Folktales are valuable pieces of African culture. Stories reflect a group cultural identity and preserving the stories of Africa will help preserve an entire culture. Storytelling affirms pride and identity in a culture. In Africa, stories are created by and for the ethnic group telling them. Different ethnic groups in Africa have different rituals or ceremonies for storytelling, which creates a sense of belonging to a cultural group. To outsiders hearing an ethnic group’s stories, it provides an insight into the community’s beliefs, views, and customs. For people within the community, it allows them to encompass their group’s uniqueness. They show the human desires and fears of a group, such as love, marriage, and death. Folktales are also seen as a tool for education and entertainment. They provide a way for children to understand the material and social environment. Every story has a moral to teach people, such as good will prevail over evil. For entertainment, stories are set in fantastic, non-human worlds. Often, the main character of the story would be a talking animal or something unnatural would happen to human character. Even though folktales are for entertainment, they bring a sense of belonging and pride to communities in Africa.[10]

There are different types of African stories: animal tales and day-to-day tales. Animal tales more oriented towards entertainment, but still have morals and lessons to them. Animal tales are normally divided into trickster tales and ogre tales. In the animal tales, a certain animal would always have the same personality or role in each story so the audience does not have to worry about characterization. The Hare was always the trickster, clever and cunning, while the Hyena was always being tricked by the Hare. Ogres are always cruel, greedy monsters. The messengers in all the stories were the Birds. Day-to-Day tales are the most serious tales, never including humor, that explained the everyday life and struggles of an African community. These tales take on matters such as famine, escape from death, courtship, and family matters, using a song form when the climax of the story was being told.

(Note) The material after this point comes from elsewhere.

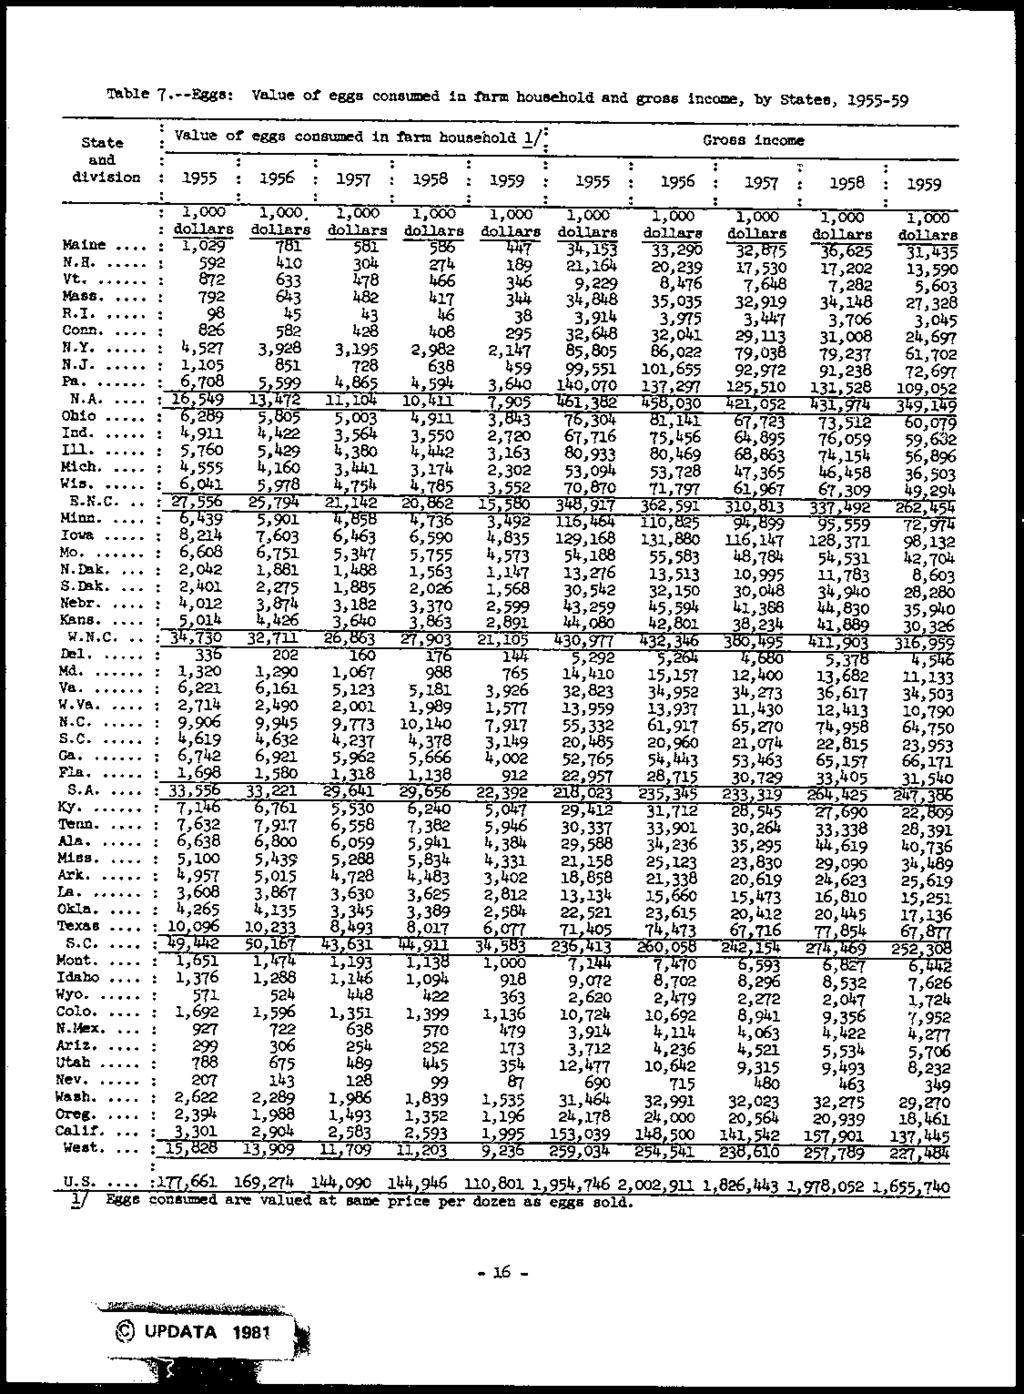 Table 7.--Eggs: Value of eggs consumed in farm household and gross income, by states, 1955-59. Valu~ State of eggs consumed in farm housebold 1;= - Gross income : and.

African stories all have a certain structure to them. Villagers would gather around a common meeting place at the end of the day to listen and tell their stories. Storytellers had certain commands to start and end the stories, “Ugai Itha” to get the audience’s attention and begin the story, and “Rukirika” to signal the end of a tale. Each scene of a story is depicted with two characters at a time, so the audience does not get overwhelmed. In each story, victims are able to overcome their predators and take justice out on the culprit. Certain tools were used in African folktales. For example, idiophones, such as drums, were used to make the sounds of different animals. Repetition and call-back techniques in the form of prose or poem were also used to get the audience involved in the stories.[11][12]